◆ **WHAT THE TASK REQUIRES**:
Leaving out the images, reproduce every line of the data that follows exactly.

◆ **DATA SUPPLIED**:
*** Begin section ***

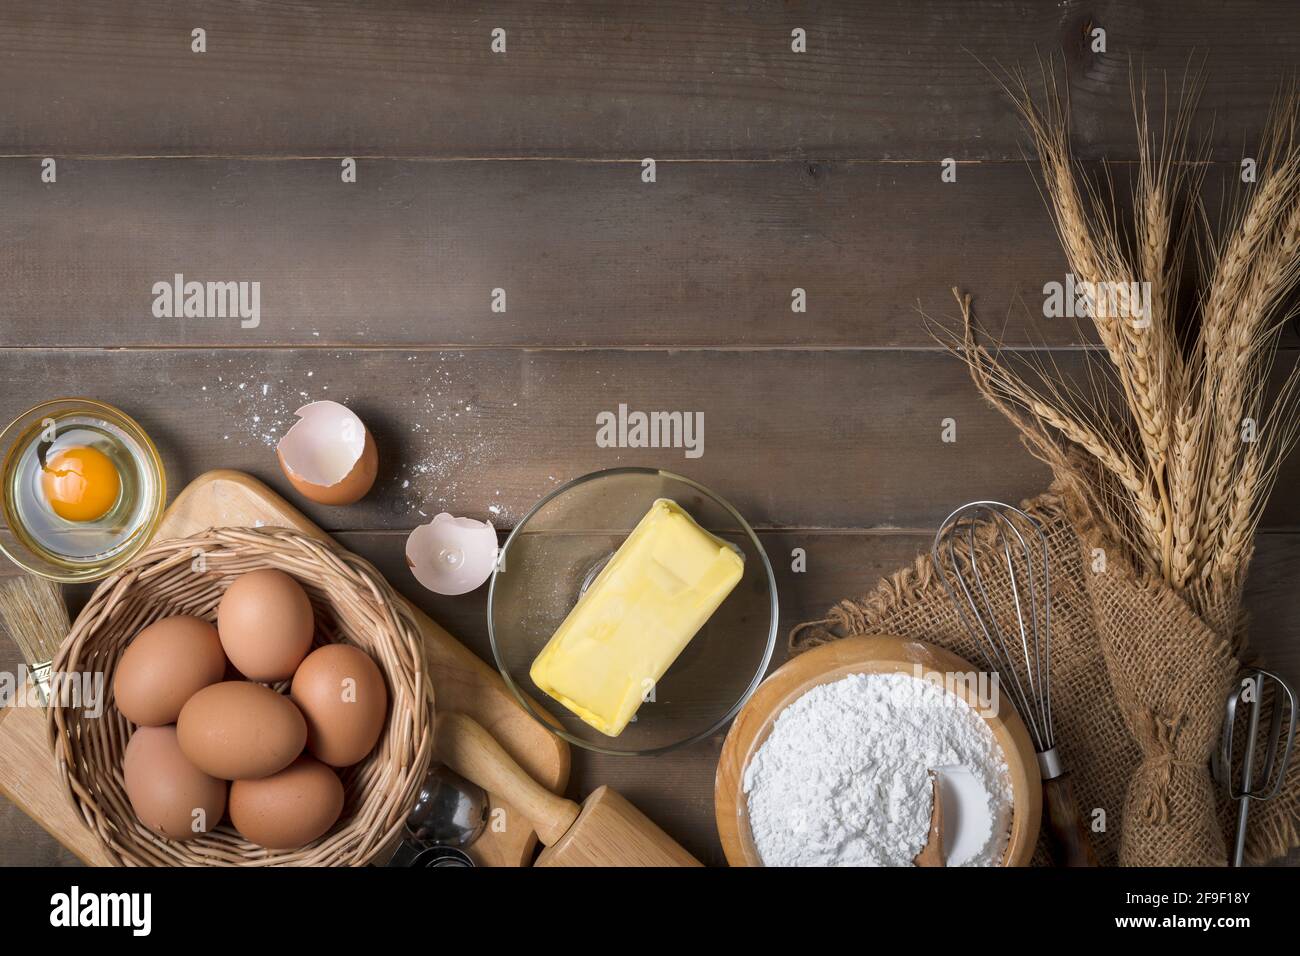 Brotmehl mit frischem Ei, ungesalzene Butter und Zubehör Bäckerei auf Holz Hintergrund, bereiten für hausgemachte Bäckerei Konzept Stockfoto
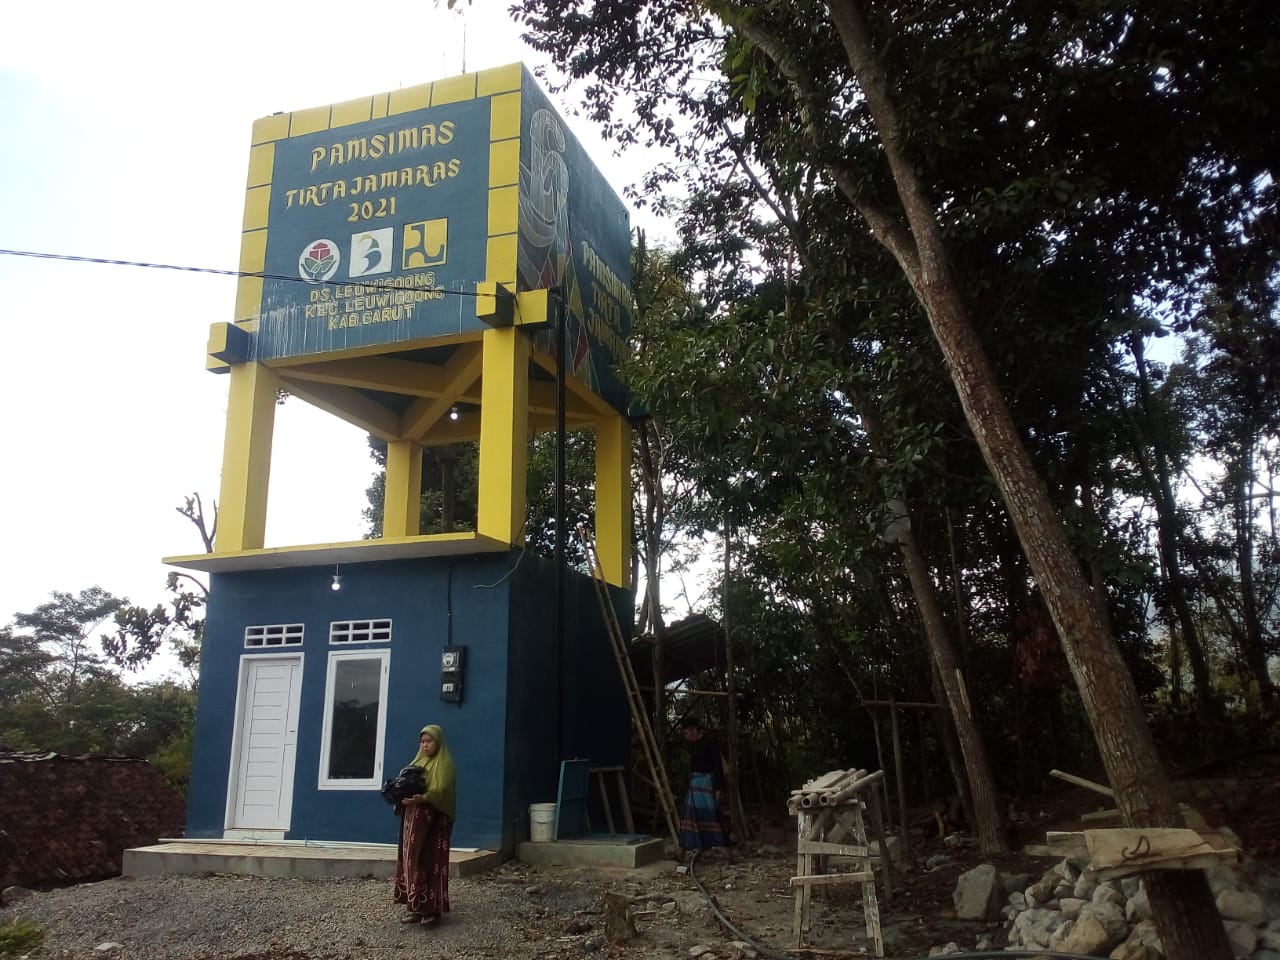 PAMSIMAS Tirta Jamaras bisa memenuhi kebutuhan air bersih warga Kampung Cikenal dan Cijeler Desa Leuwigoong.
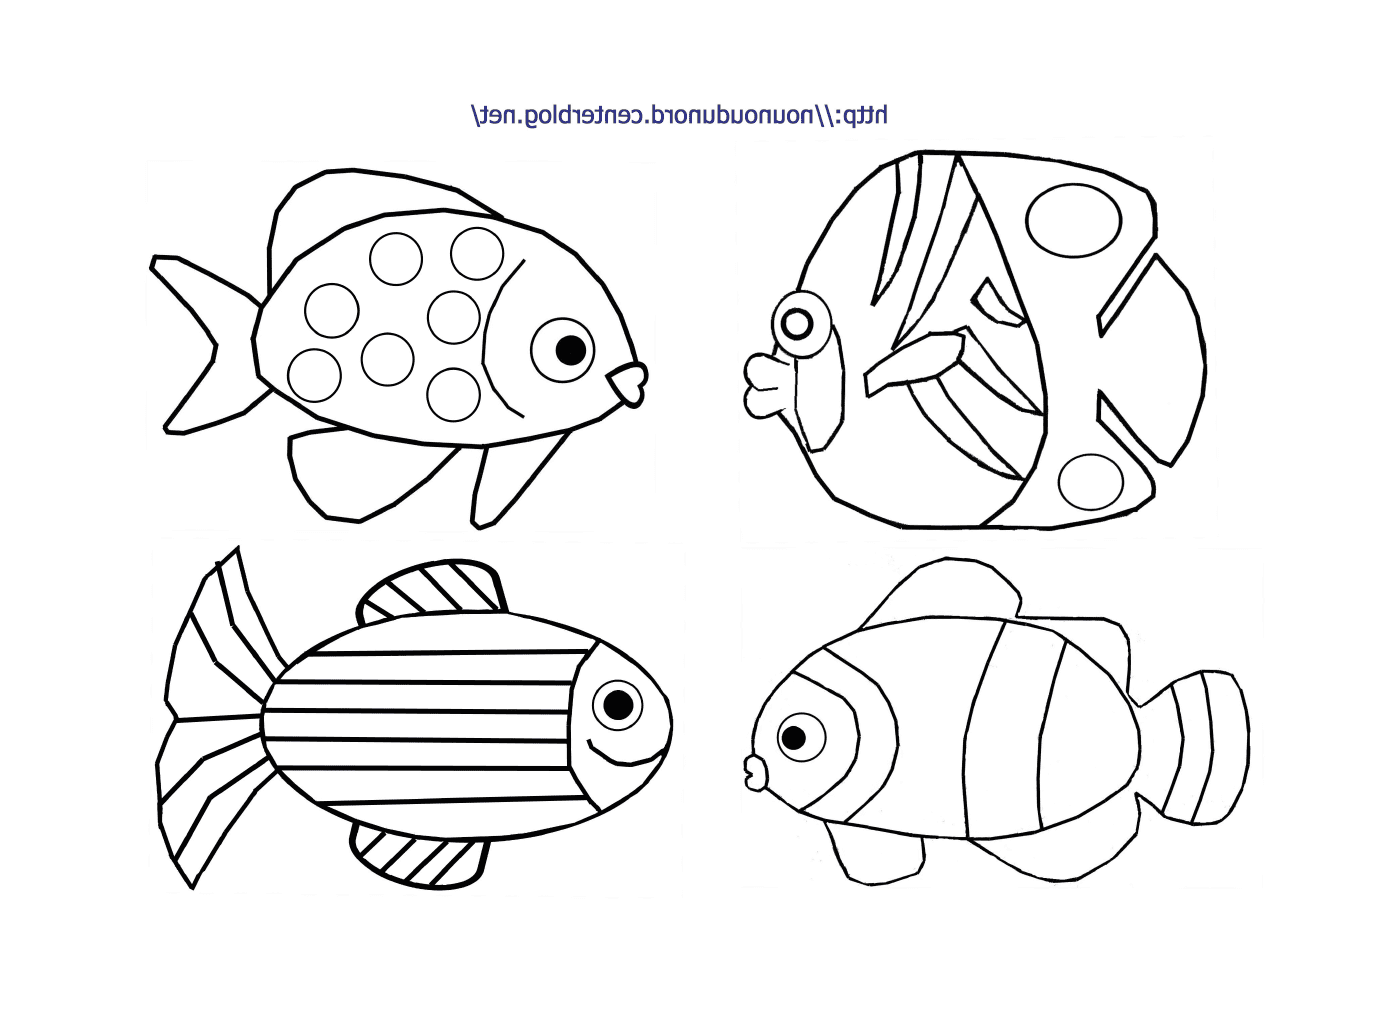  Группа четырех видов рыб 
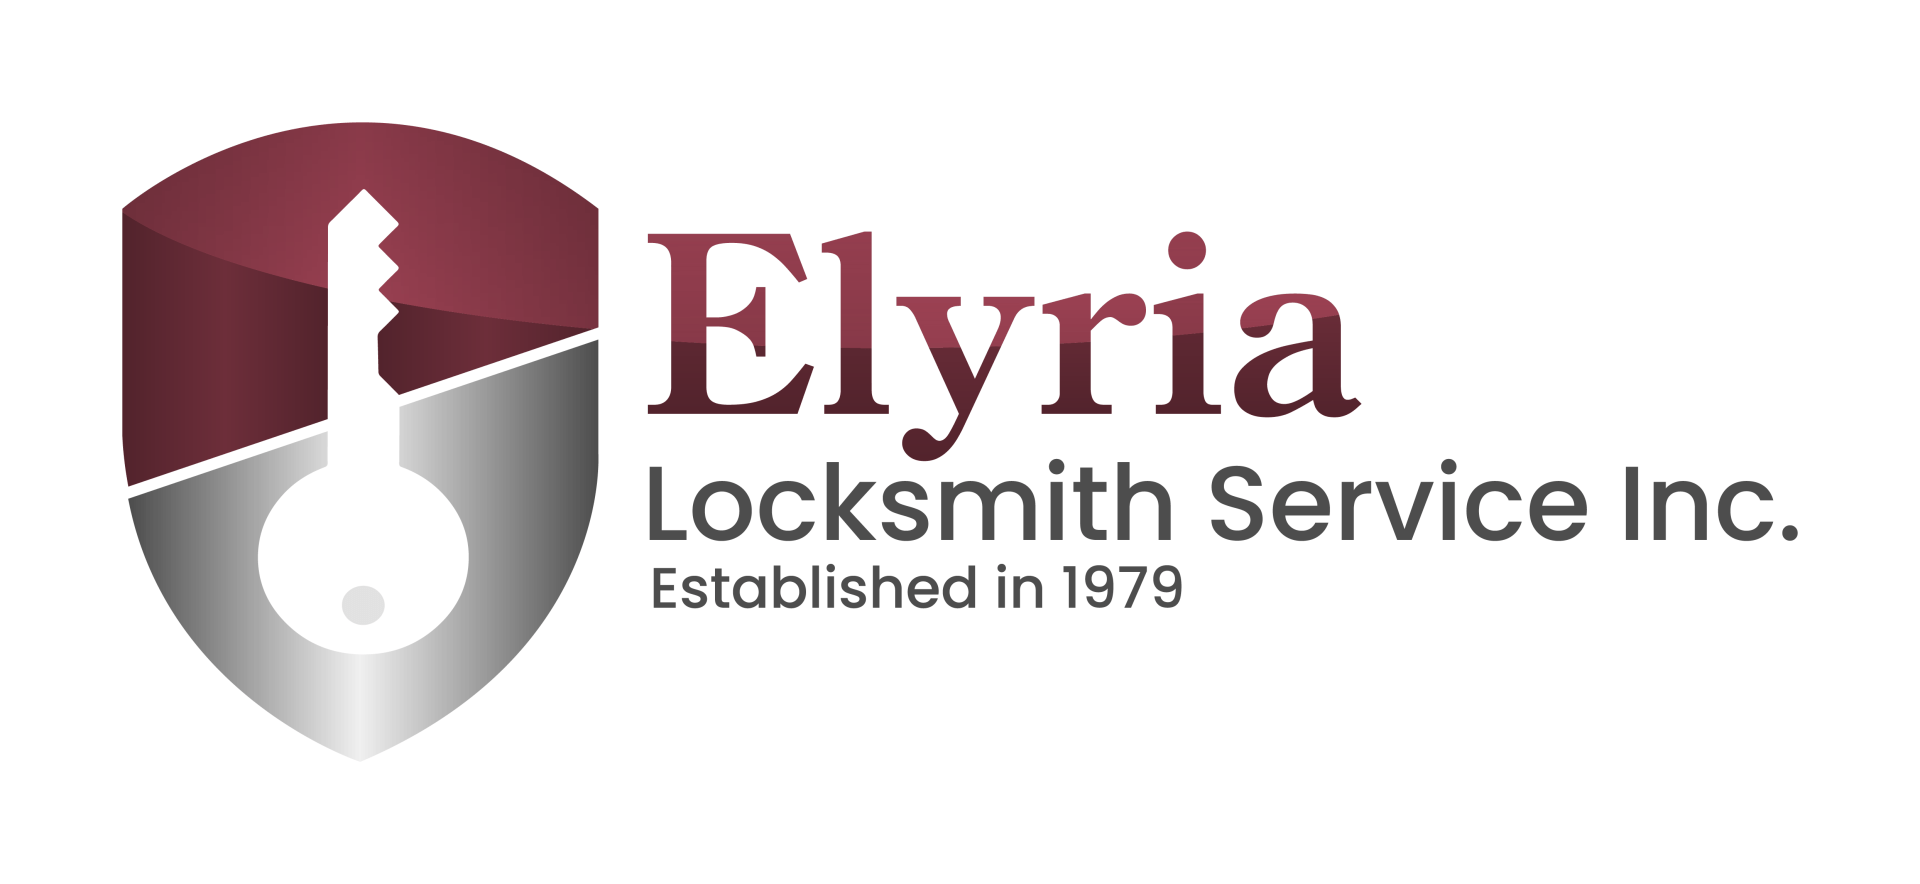 Elyria Locksmith Service, Inc
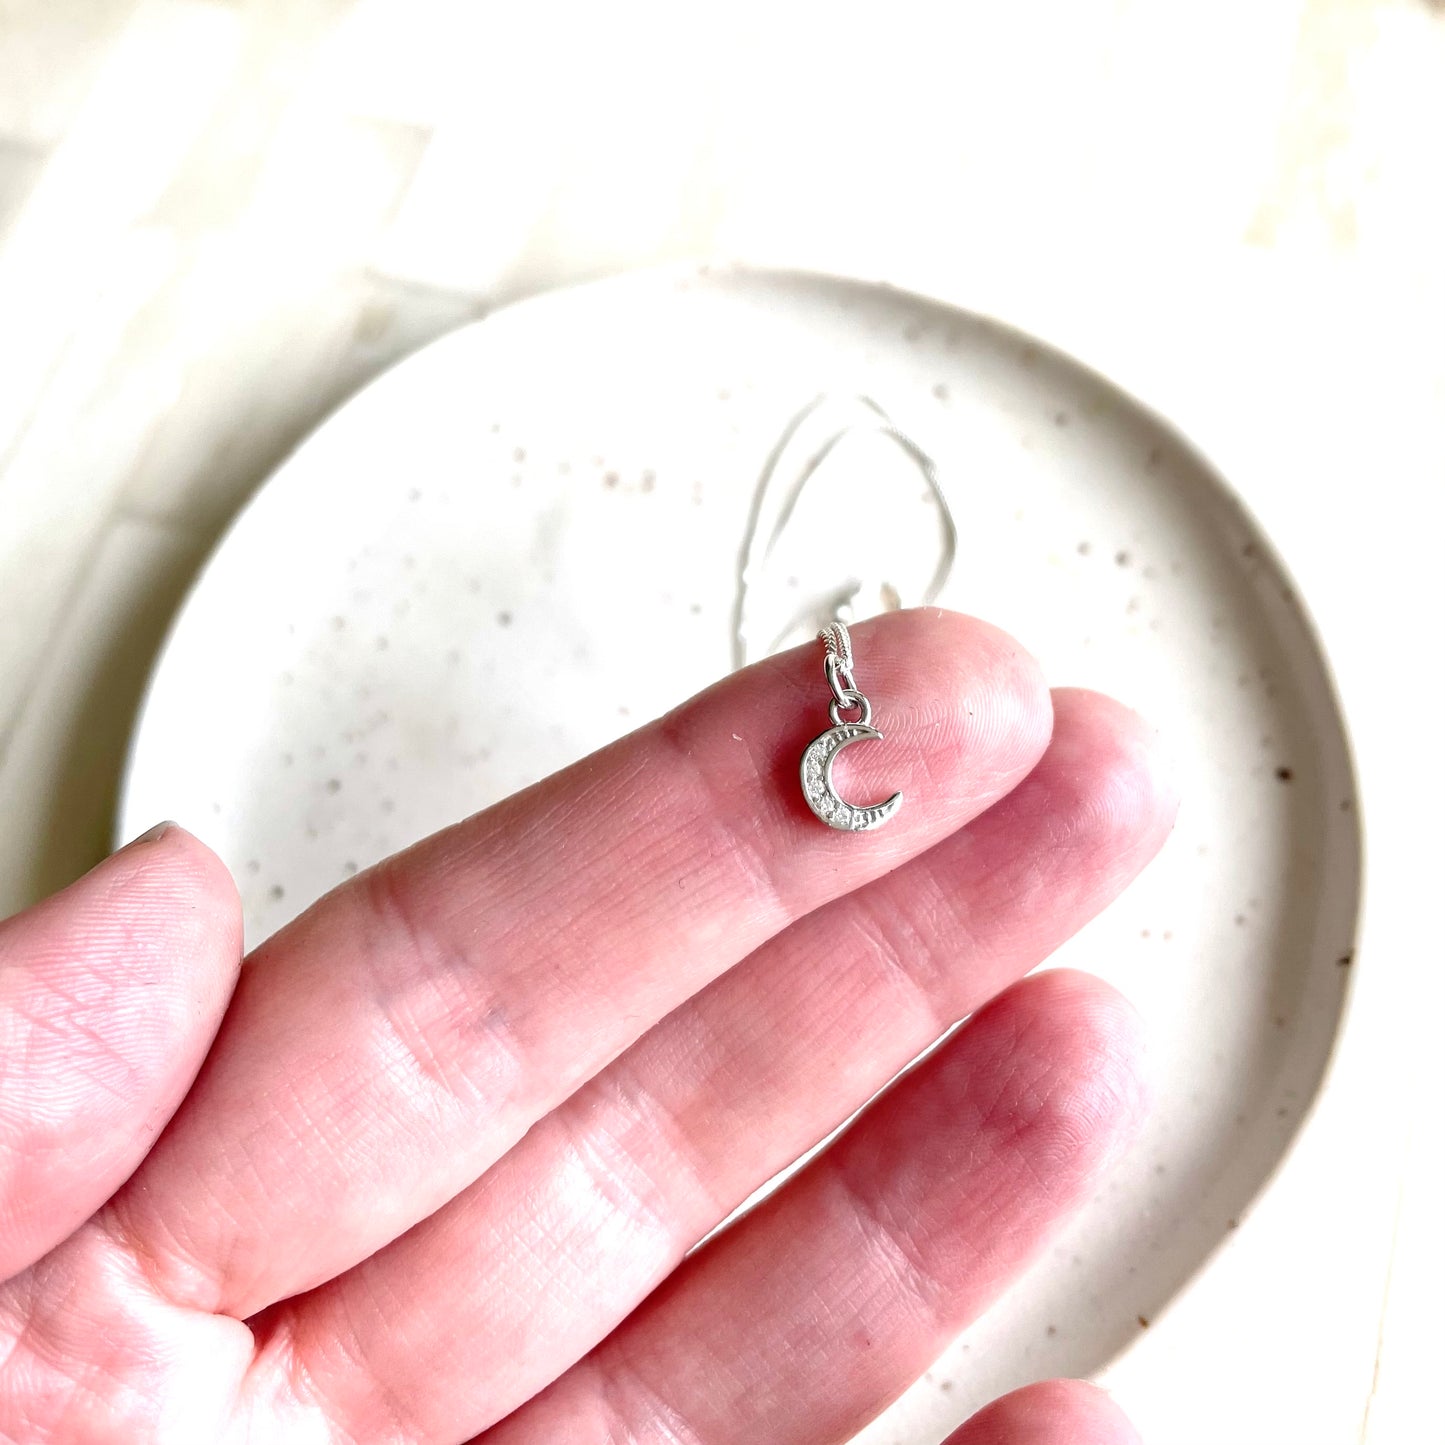 Tiny Moon Necklace
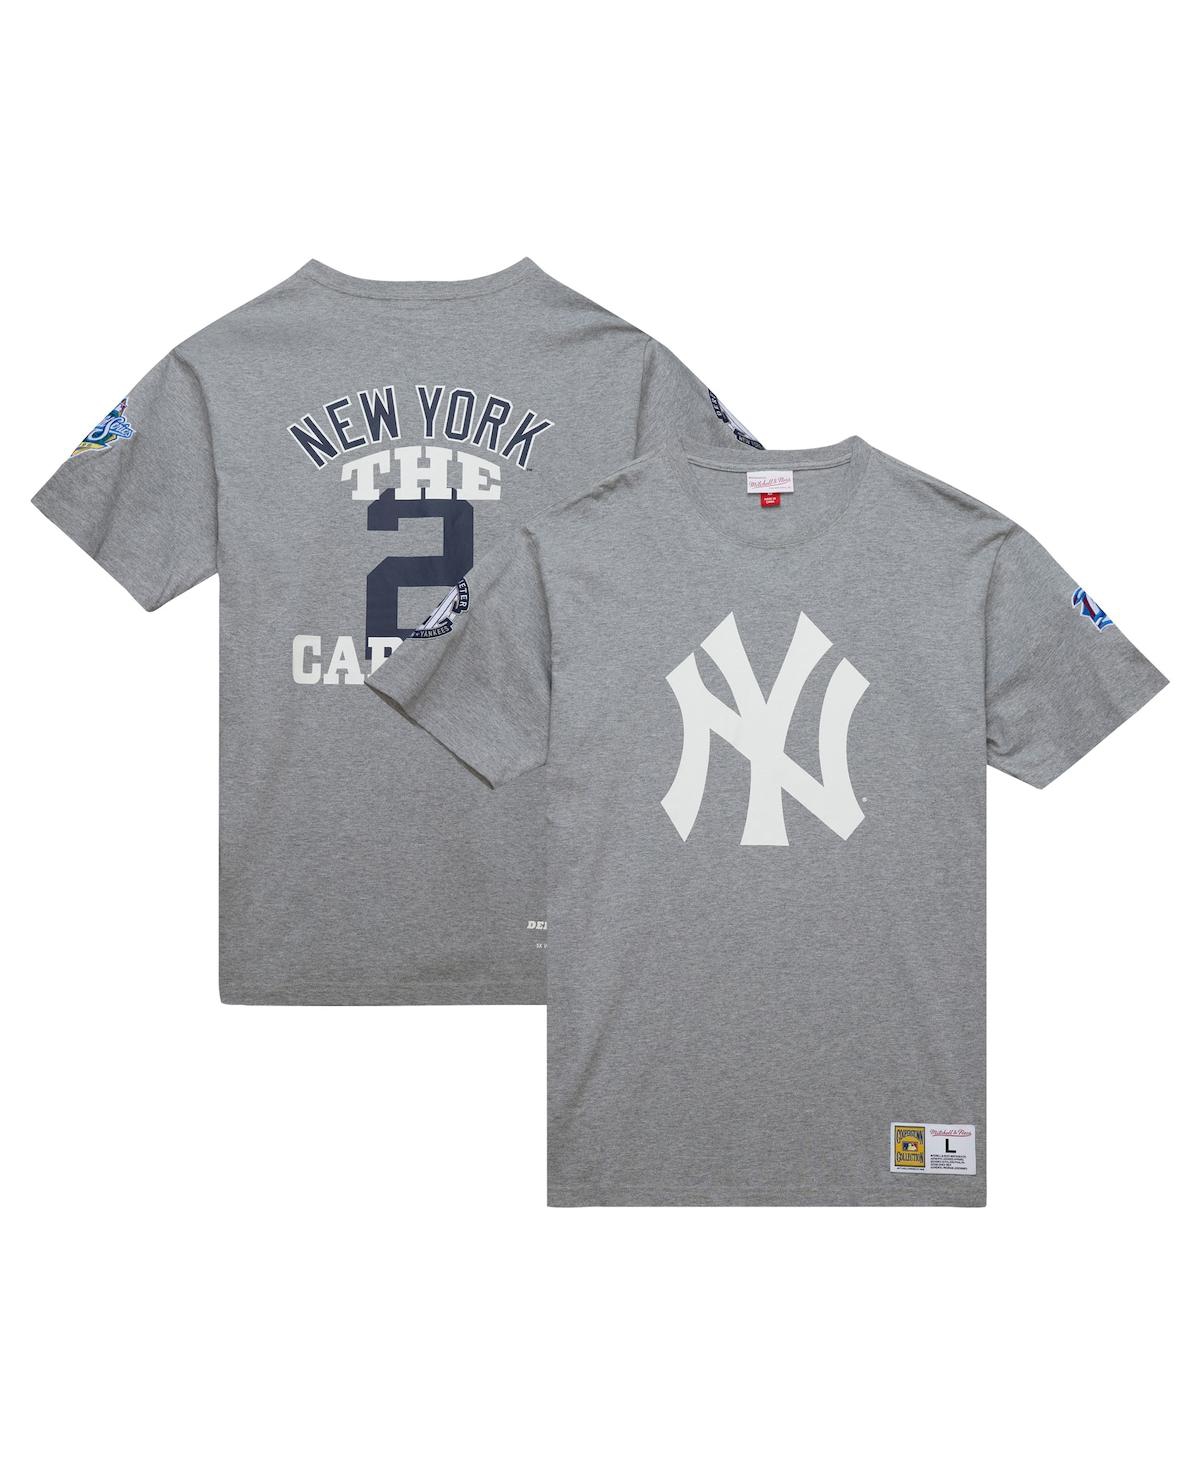 Men's Derek Jeter Heather Gray New York Yankees Cooperstown Collection Legends T-Shirt - Grey

*** End section ***

◆ **RESPONSE TO THIS TASK**:
 Brotmehl mit frischem Ei, ungesalzene Butter und Zubehör Bäckerei auf Holz Hintergrund, bereiten für hausgemachte Bäckerei Konzept Stockfoto
 PAMSIMAS Tirta Jamaras bisa memenuhi kebutuhan air bersih warga Kampung Cikenal dan Cijeler Desa Leuwigoong.
  Группа четырех видов рыб 
 Elyria Locksmith Service, Inc
 Tiny Moon Necklace
 Men's Derek Jeter Heather Gray New York Yankees Cooperstown Collection Legends T-Shirt - Grey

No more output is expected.